Using reference class forecasting to improve your estimates
Nov 14, 2016
I’d like to share with you the lessons we’ve learned trying to improve the accuracy of our estimation process. Many agile software businesses use story points to estimate the complexity of features. A story point is not meant to be a measure of man-hours required to deliver a feature, but of comparative complexity. In our business, story points are part of our business model and must be tied to some time period in order to set sensible rates. TrikeApps uses a shared-risk model to charge for feature delivery, based on story points. In order to be financially successful Trikelings need to be — on average, across a sprint — accurate with their estimates. In this post, I talk about the steps we’ve taken to improve our estimation accuracy without introducing enormous amounts of overhead and what has and hasn’t worked for us. If your business relies on accurate developer estimates to be profitable, there are some valuable lessons to be learned.
Lessons we’ve learned from past approaches
There is a significant body of literature that suggests that reference class forecasting, or taking the “outside view”, leads to much more accurate estimates. Planning fallacy is a common cognitive bias that leads us to produce more optimistically inaccurate estimates of effort as we are presented with more and more detail. To avoid the planning fallacy, we are much better off looking at similar, completed features and selecting the same estimate rather than drilling down into the details of what needs to be done. Throughout all of our approaches, our developers were encouraged to use reference class forecasting while estimating.
We’ve made several attempts at improving estimation accuracy with mixed results. We tried planning poker but found that gaining consensus for all feature estimates each sprint was far too time consuming. Many of our less-experienced developers were not comfortable challenging more experienced developers and subsequently disengaged during discussion. Furthermore, we found that this process made our estimates no more accurate than individuals estimating on their own. A subsequent attempt to have developers estimating stories in pairs yielded similar results.
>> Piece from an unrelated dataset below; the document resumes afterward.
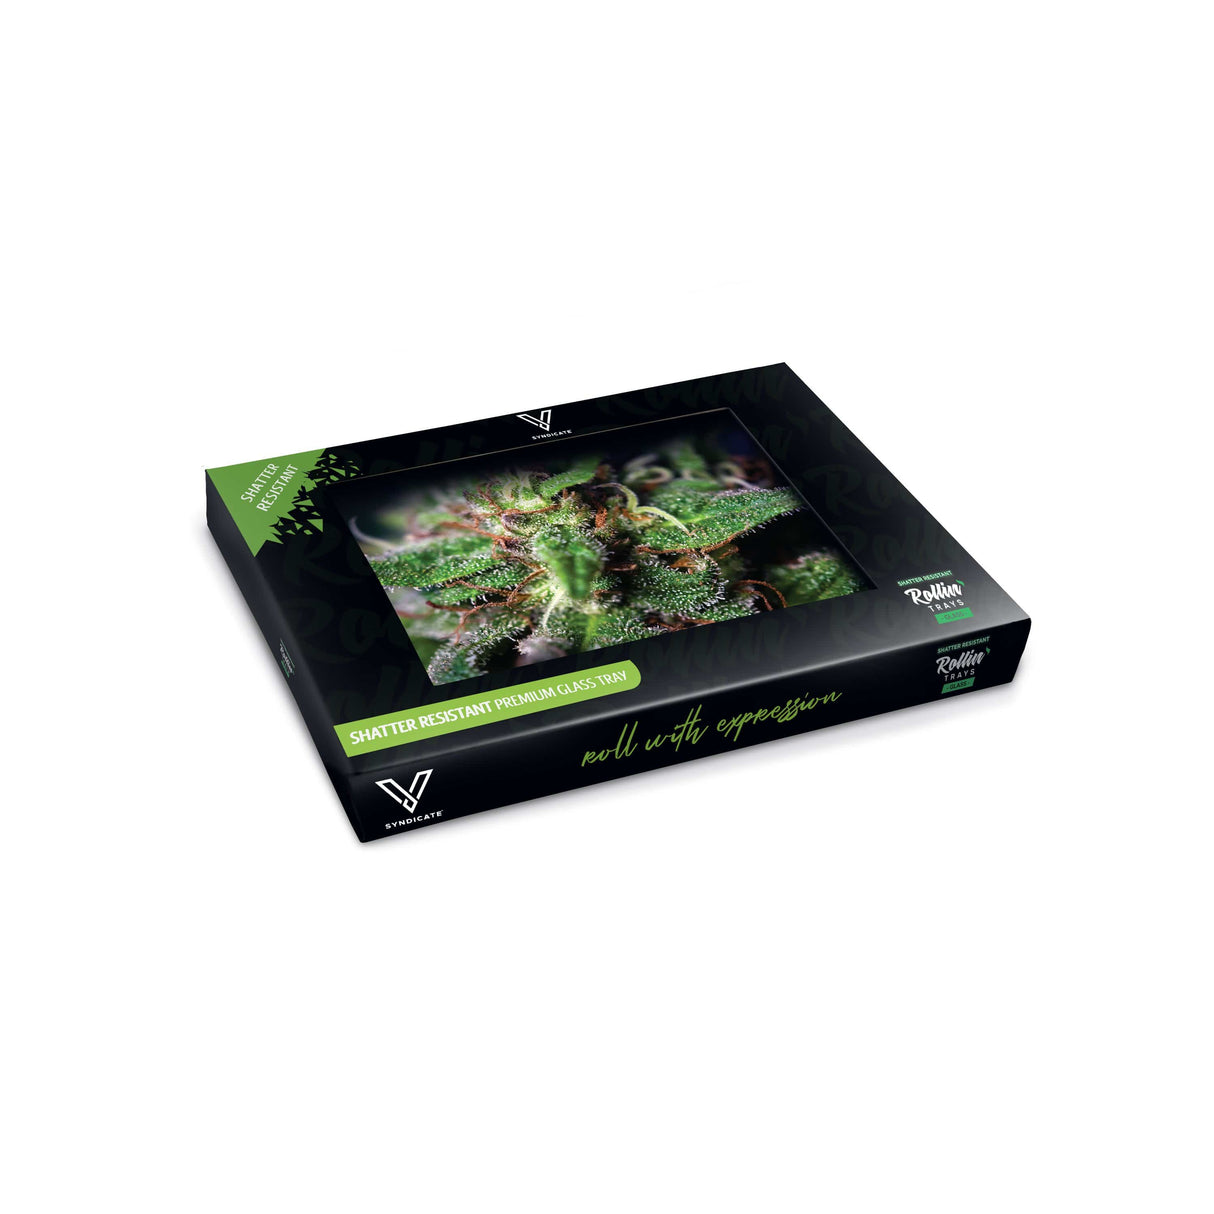 V Syndicate Blue Dream Glass Rollin' Tray with vibrant green and purple hues, compact design, angled view

We tried generating multiple possible implementation plans individually and then paired on estimating them; this produced better estimates but bottlenecked our development process.
Our first attempts at using reference class forecasting were time consuming. In order to do it effectively, we needed a canonical set of stories that we could use for reference. We tried to do this by creating a set of tags that described the broad functional areas of our systems and tagging each of our completed stories. When estimating, we could then easily bring up a list of features we’d implemented in a similar functional area. The problem with this approach, apart from needing a significant amount of time and discipline, was that we weren’t taking into account whether we were using stories that had been massive blowouts in our canonical dataset. It’s no good saying “my feature is like that two-point feature” if that two-point feature took the equivalent of five points to deliver.
Less overhead but more cognitive load on developers
Our latest attempt feels much more natural and requires much less additional overhead. At the end of the sprint our developers tag a feature as “canonical” if they would give it the same estimate should they need to do it again. We’ve built an estimation tool that asks for high-level details of a possible implementation and comes back with another canonical feature from the same project for comparison. The developers are asked if the feature being presented is less complex, equally complex or more complex than the approach they’ve come up with. Once their answers have narrowed down the possible estimate to a single value (we use the Fibonacci sequence for possible point values) that value is selected as the estimate. At no point during this process does the developer actually see what that estimate has been set to. This discourages anchoring and second-guessing.
This approach has some drawbacks — it takes a bit more cognitive effort to look at the canonical example and get a feel for its complexity, especially if it’s an older story — but on the whole it’s started to yield better estimates and happier developers. Our developers estimate individually, but the developer who actually begins work on the feature has the power to change the estimate providing no more than 20% of the original budget has been expended and the client agrees to the revised projected cost; tracking whether this rule results in measurably better outcomes is a work in progress.